My brother called me one day and said his good friend at Ridge Winery had a surplus of grapes—3,000 pounds of cabernet. It was so much fun to be part of the process. I got samples sent to me so I could watch the evolution of the grape from unfermented juice to the finished product. And the wine kept evolving even after being bottled. It’s a living organism, and it developed little nuances. It was just such a unique, insightful experience.

The other element of the process I really got into as a music producer was that I was able to put “Produced by Michael Dorf” on the bottle and give it to my friends. After giving bottles away and talking about the experience with different people, I had so many say to me, “I want to make wine, too” and I realized there’s something to the idea of making a private barrel and learning where your wine comes from.

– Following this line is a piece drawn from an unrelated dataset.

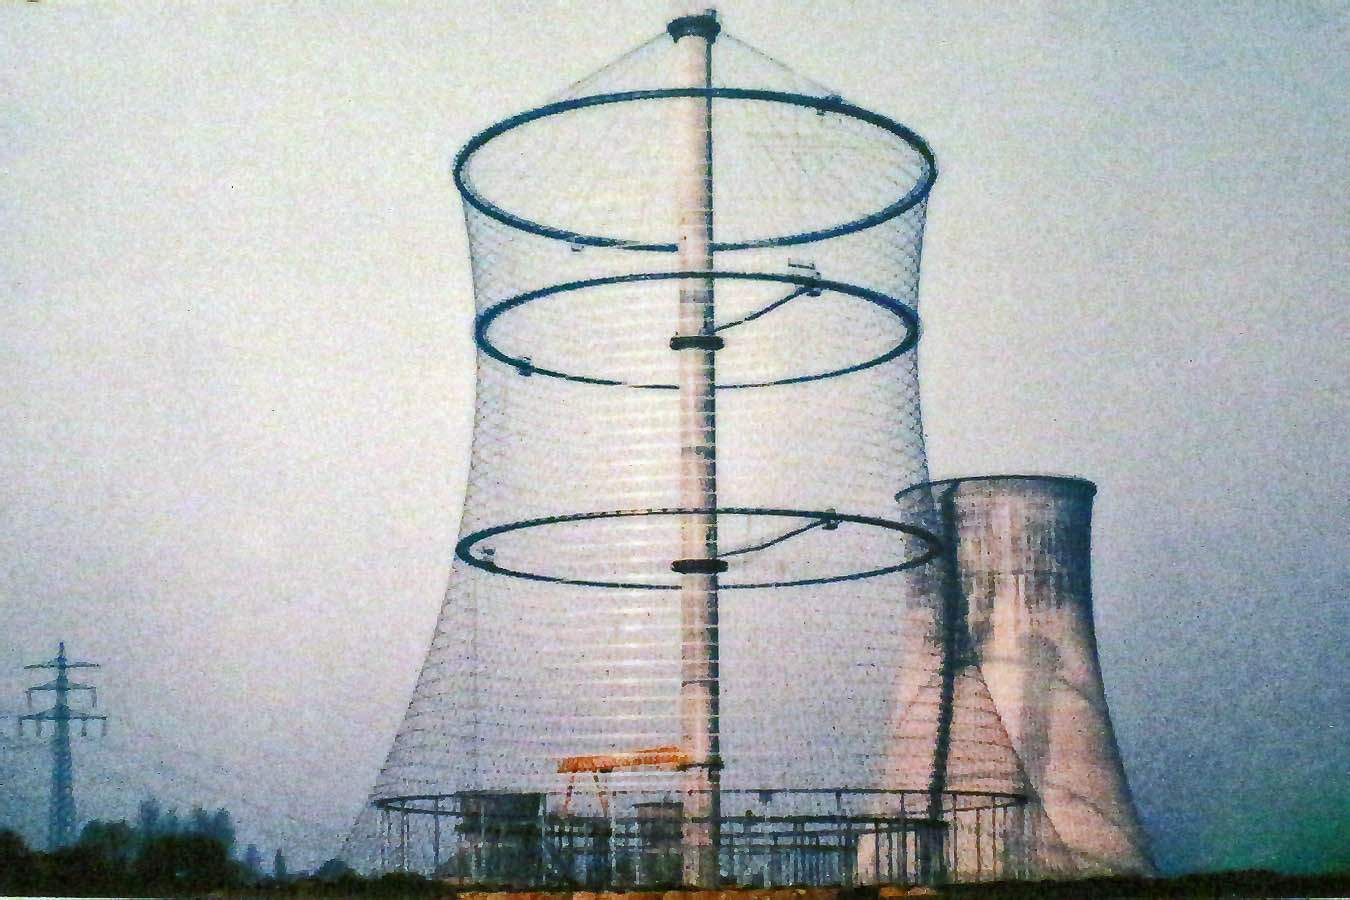 Градирня в Шмехаузен. Хамм, Германия. Инженер Йорг Шлайх. 1964
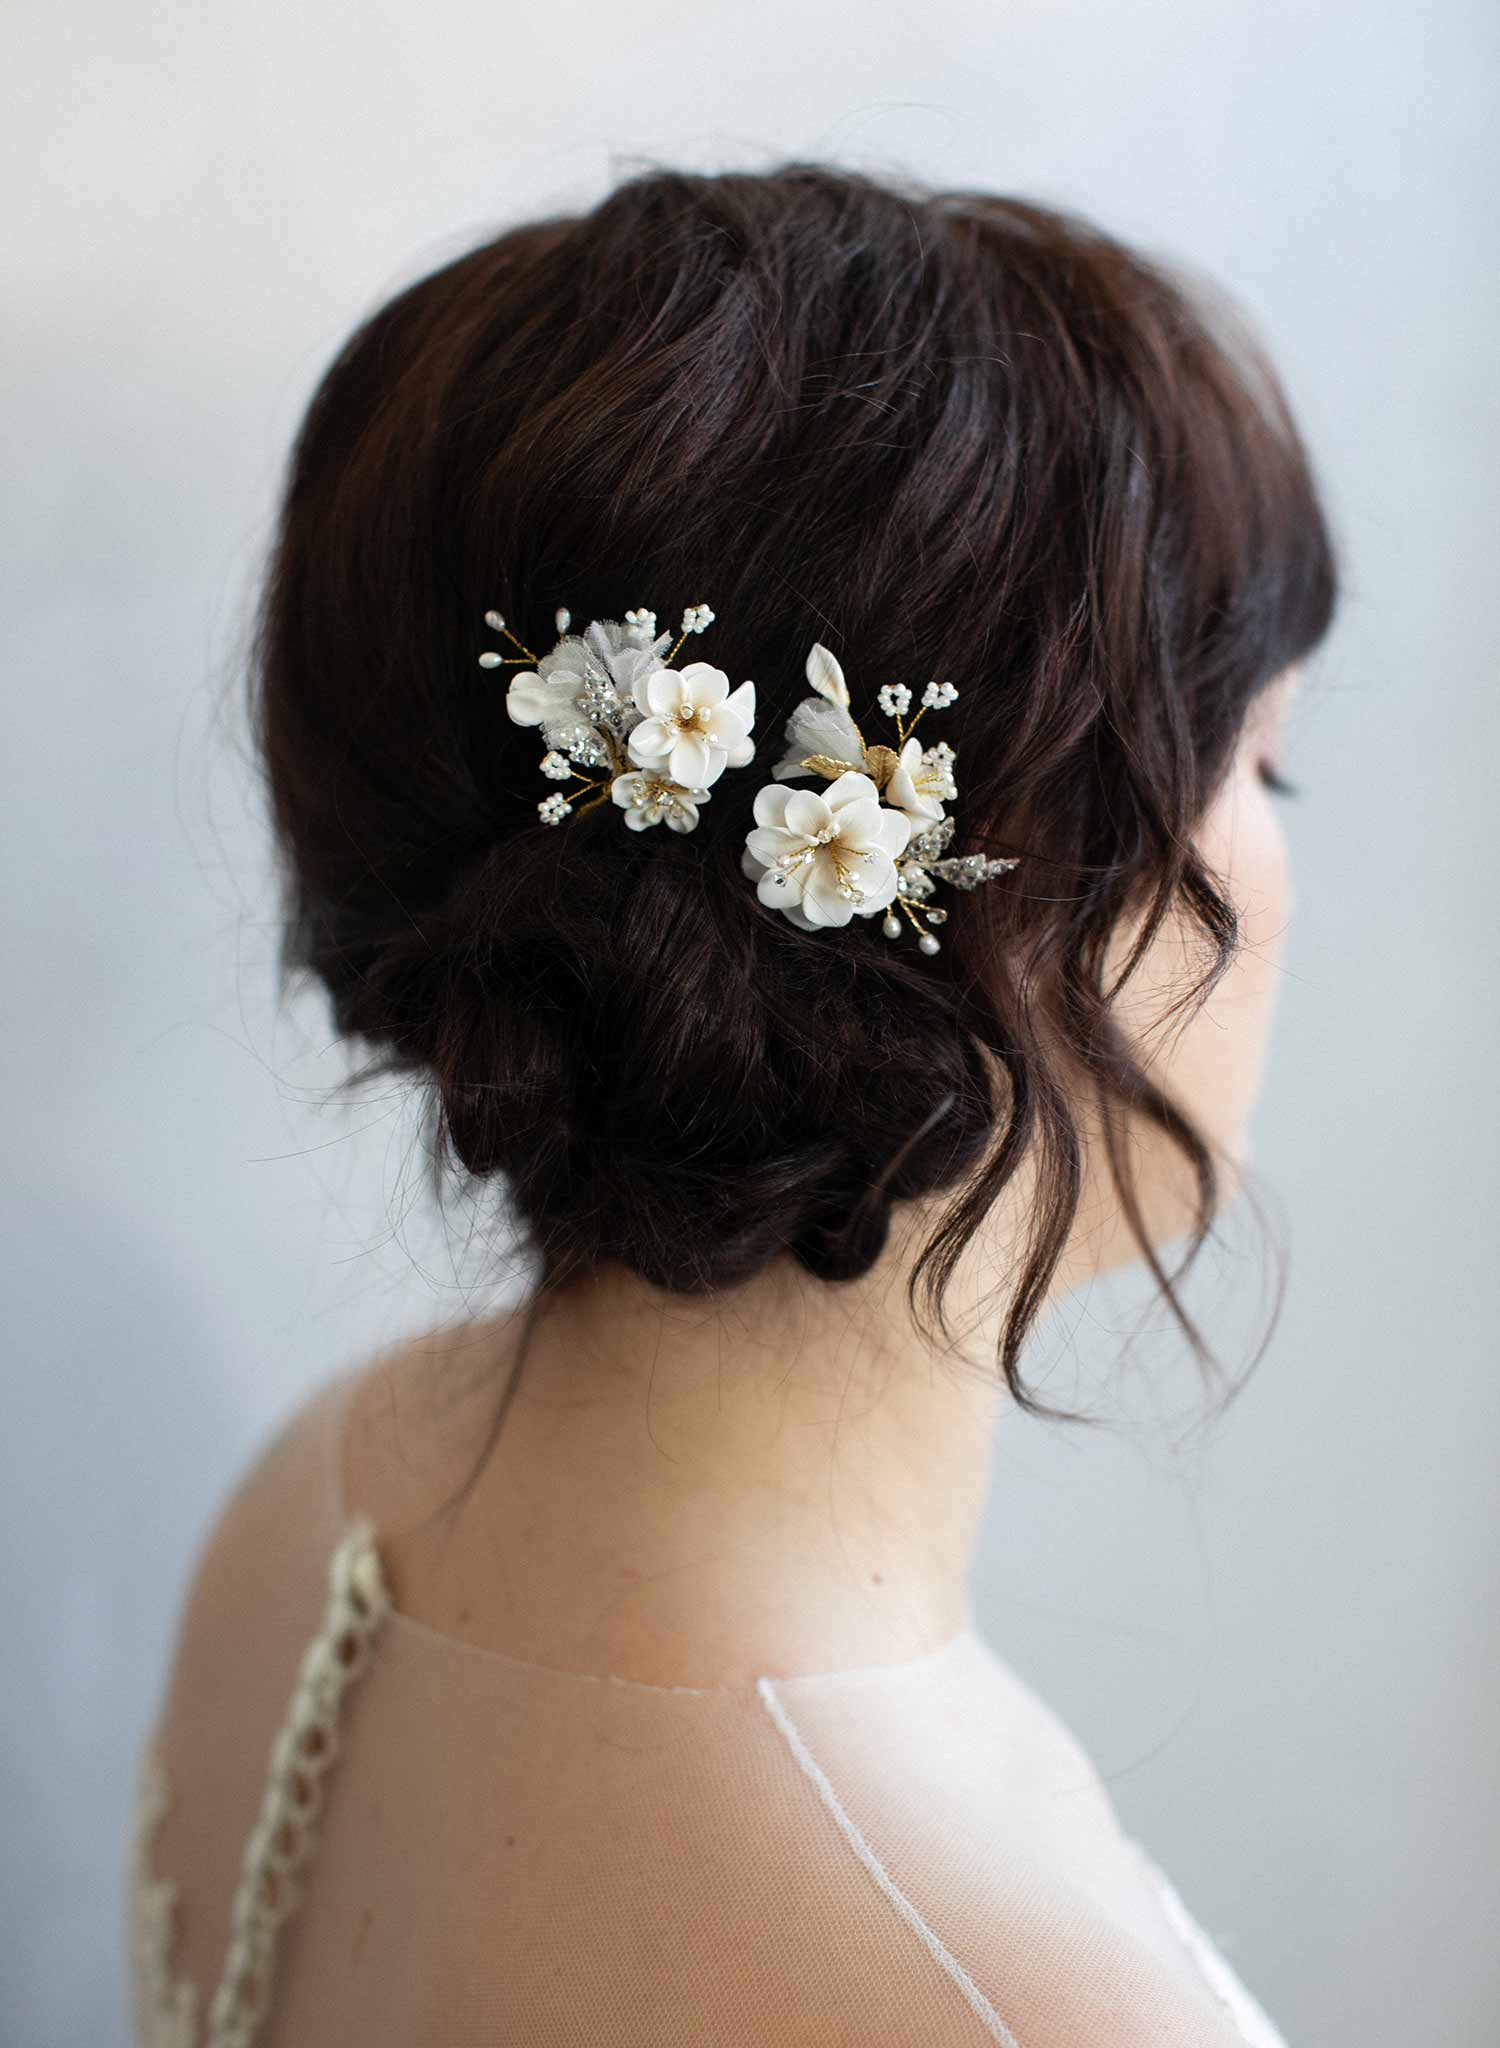 Pin on Amazing Bridal Hair & Make up

Knowing where your food and beverages come from is an overall trend in consumer business. But it was my experience of being in the music business that gave me the idea to create this private barrel “club” for people to participate in. The plan was an obvious one for me. I’m a promoter and I wanted to use those skills to connect to wine makers and focus on the consumption of wine, as much as the making of the wine.

This business is the most selfish experience I’ve ever participated in. It’s absolutely what I like to do. I think there are a lot of people who also have these same exact passions. To be able to sit and drink wine at a concert, I don’t know what else I’d rather do, and there are a lot of people who share that opinion.

DM: Has the business done as well as you expected?

MD: We are in one of those tough, but good, positions of turning people away many nights a week because we are either sold out for a concert or we’re doing a private party. Customers can’t really just come and make a reservation for dinner, which was originally part of the plan. So, I’m going to expand upstairs and take over the floor above the club, because we need to add more space to be able to create a restaurant that would allow people to just come and eat and drink wine separate from everything else.

The idea for the restaurant is that, once you’ve made your wine, and you’ve had the opportunity to come and do barrel tastings, then you show off your blending or your barrel to colleagues or to friends, which is part of the whole cache of having a barrel. We would love to be able to allow people to keep at least a dozen or two of their wines in a proper cellar here so that people could have a place to show their wine.

One of the things we want to do with our expansion is have a private cellar room that would allow for dining and entertaining with your finished wine product. It’s the ultimate BYOB, in the sense that it’s bringing your own bottle, and it’s really your bottle that you made.

Flexibility Essential to Success

DM: Having a winery in Manhattan isn’t like having a winery on Napa or even on Long Island. You aren’t located on a vineyard. How does the winemaking process work here?

MD: We have 14 different vineyards that we buy grapes from. And as an urban winery, we get grapes from where the terroir (or land) is best for the particular fruit. We have a full winery license, and basically we allow our members to utilize our license.

The old axiom in wine is that wine is made in a vineyard, which is slightly oxymoronic for our business model in the sense that we don’t have vineyards. But there are actually a lot of great wineries that don’t have their own vineyards. They source grapes from the wine growers, and there’re a lot of vineyards that only produce for other wineries. And some wineries produce a lot of grapes and they put a portion of their grapes up for sale.